Violent crime may be down nationwide, but the petty variety plagues many small businesses, trapping them in an endless battle with vandals and vagrants and saddling them with costs they can ill afford, according to a survey conducted by The Times and USC's Marshall School of Business.
Southern California business owners who responded to the survey said opening shop often means facing fresh graffiti, rousting the homeless from doorways or hosing down parking lots that double as toilets. Etched windows, chronic shoplifting and loiterers who scare off potential customers are also among the litany of complaints.
And government officials and community activists say there's no sign these problems are abating.
Small-business owners surveyed in the six-county region ranked crime low on their list of priorities, citing taxes, regulation and the dearth of skilled labor as more pressing. Still, 42% said graffiti and vandalism were a problem, while 34% complained about drug sales or loitering. Even those reporting only one or two incidents a year found the problems burdensome and costly.
Law enforcement officials generally do not tally nuisance crimes against businesses, but the Southern California Business Climate Survey showed troubles were most pronounced in the city of Los Angeles, followed by Riverside County and the remainder of Los Angeles County.
But the complaints are widespread. Even in areas far from any urban core--from Tujunga in the San Fernando Valley to Lakeside in San Diego County--loiterers and vandals are taking a toll on merchants and manufacturers. Frustrations have prompted some to relocate and others to consider doing so, raising the specter of a domino effect that could accelerate neighborhood degradation.
"In poorer areas, businesses now have so many difficulties," said USC's William B. Gartner, who conducted the survey for The Times. "They're in areas where people have less money to spend. They also have to pay for safety and security equipment like barred doors and fences. They're paying every way.
"If your communities aren't safe, business is going to be down," he said. "And if you don't have local grocery stores and areas to shop, it really kind of kills the neighborhood."
Who's Responsible for Fighting Problem?
The findings underscore a perennial question: What can be done to turn troubled business districts around and whose responsibility is it? Government and law enforcement have responded with a checkerboard of programs, including free graffiti paint-out, donated vines and cactuses, and technical assistance to steer business owners to products such as protective film for windows. But in some pockets of the region, programs are thin or entrepreneurs are oblivious to them. Others complain that efforts are futile: While they regularly summon law enforcement and request graffiti paint-out service, core problems persist.

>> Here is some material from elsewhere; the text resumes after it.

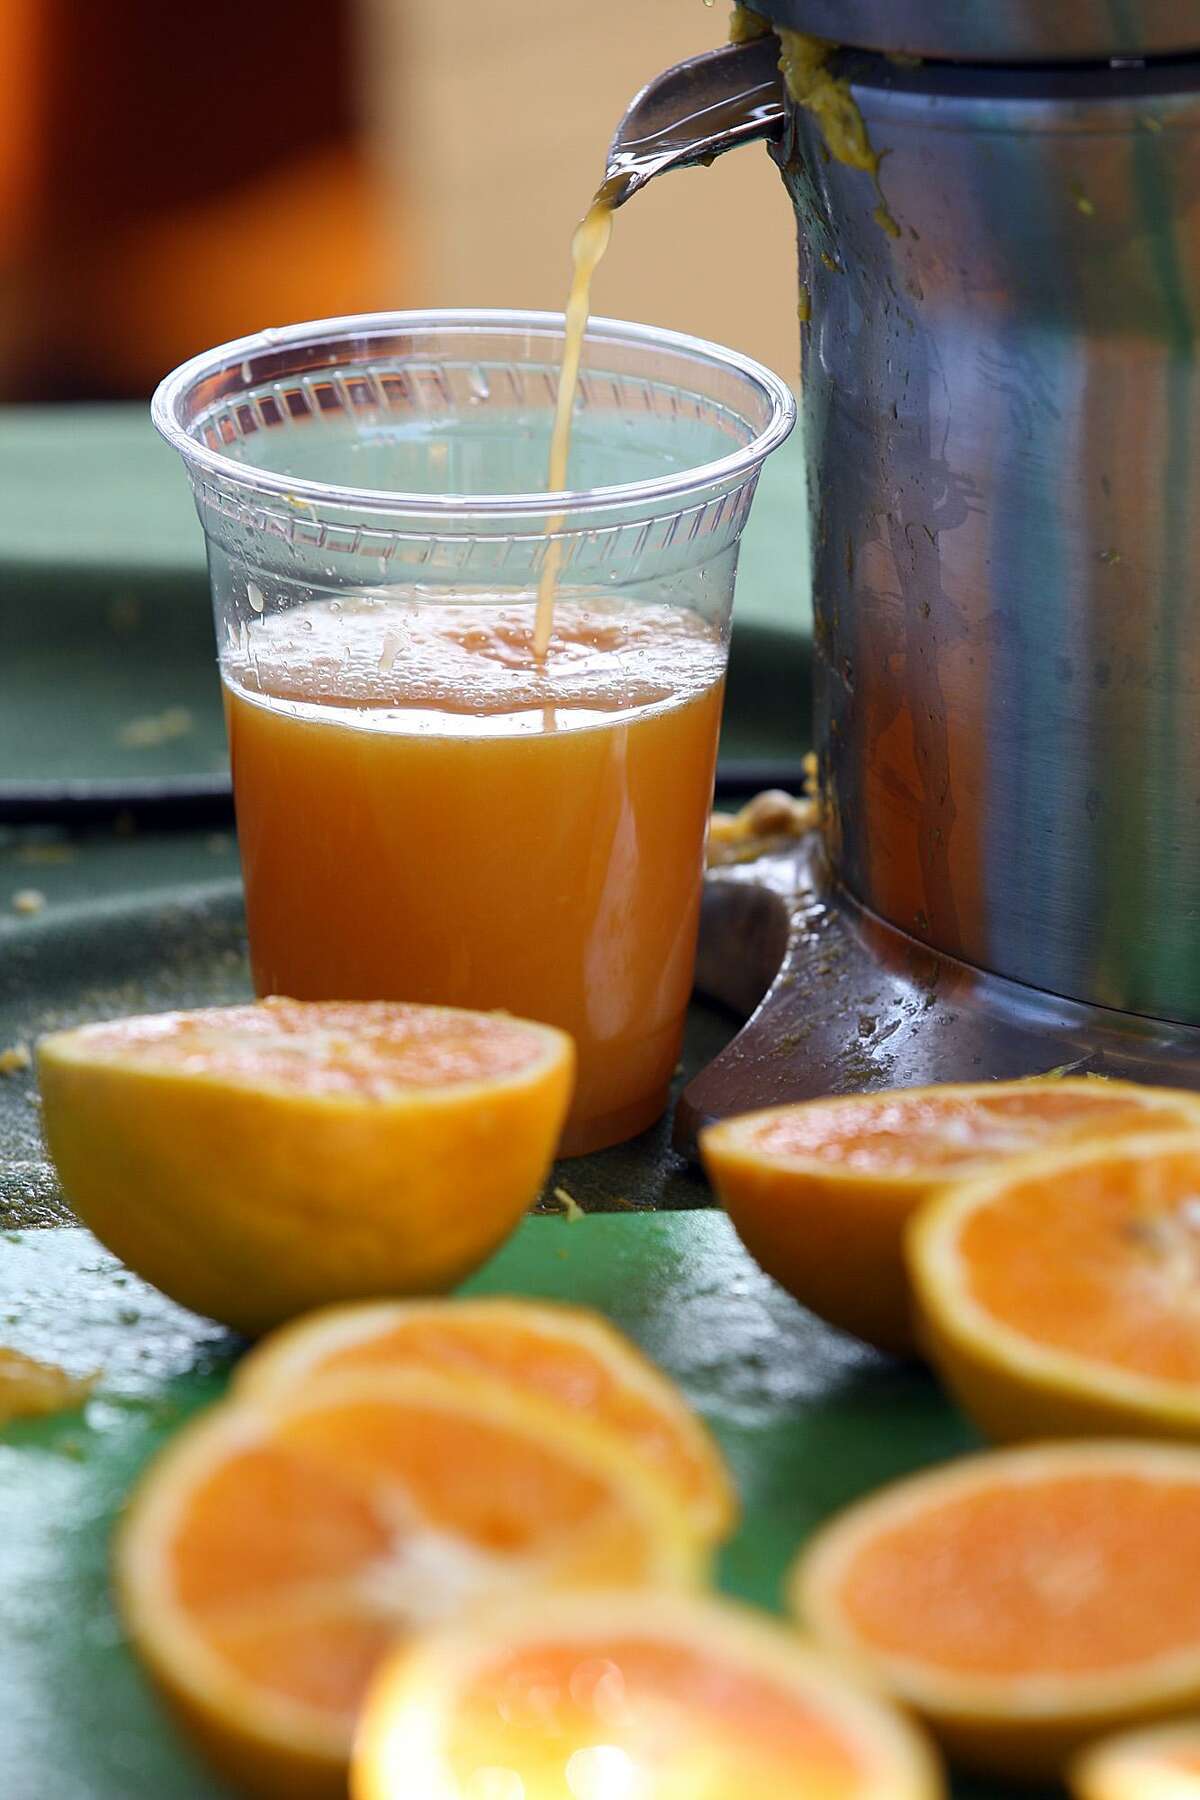 The American Academy of Pediatrics recently unveiled new guidelines on how much orange, apple and other kinds of juice children should drink.

Police and sheriff's officials stress they cannot solve them alone. While the survey showed only 11% of respondents had attended community meetings over the last year to discuss crime and safety, that type of involvement is key to the success of community policing, law enforcement officials said.
In fact, government is increasingly encouraging business to take on tasks that the public sector can't handle, urging entrepreneurs or property owners to form self-assessment districts to pay for private security, street cleaning and more. Five such Business Improvement Districts have been added in Los Angeles since August, bringing the city's total to 17, and 27 more are on the drawing board.
"Government resources are limited. Police resources are limited," said Barry Glickman, spokesman for L.A. City Councilman Rudy Svornich, who is working with the Wilmington Chamber of Commerce to form a Business Improvement District there. "In the old days, business owners took responsibility for what happened in front of their businesses."
But struggling merchants often view the problem differently.
"Most of the owners believe [these services] should be paid for by our tax dollars," said Ben Rodriguez Jr., who with his father runs El Pollo Lico and the Rodriguez Bar and Pool Hall on Avalon Boulevard.
Rodriguez said trees go untrimmed, trash cans that once dotted streets are gone, and fliers from a nearby supermarket cover the sidewalk. A car lot that recently closed is attracting graffiti and vandalism, and Rodriguez saw a homeless man defecating on the sidewalk last month.
Overall, only 6% of the survey's 1,670 respondents called graffiti and vandalism "critical" problems, and 5% said so of drugs and loitering. Those numbers shot up in lower-income neighborhoods and are reflected in these statistics: Ten percent of respondents in the city of Los Angeles, 8% in Riverside County and 8% in the rest of Los Angeles County called graffiti and vandalism critical problems.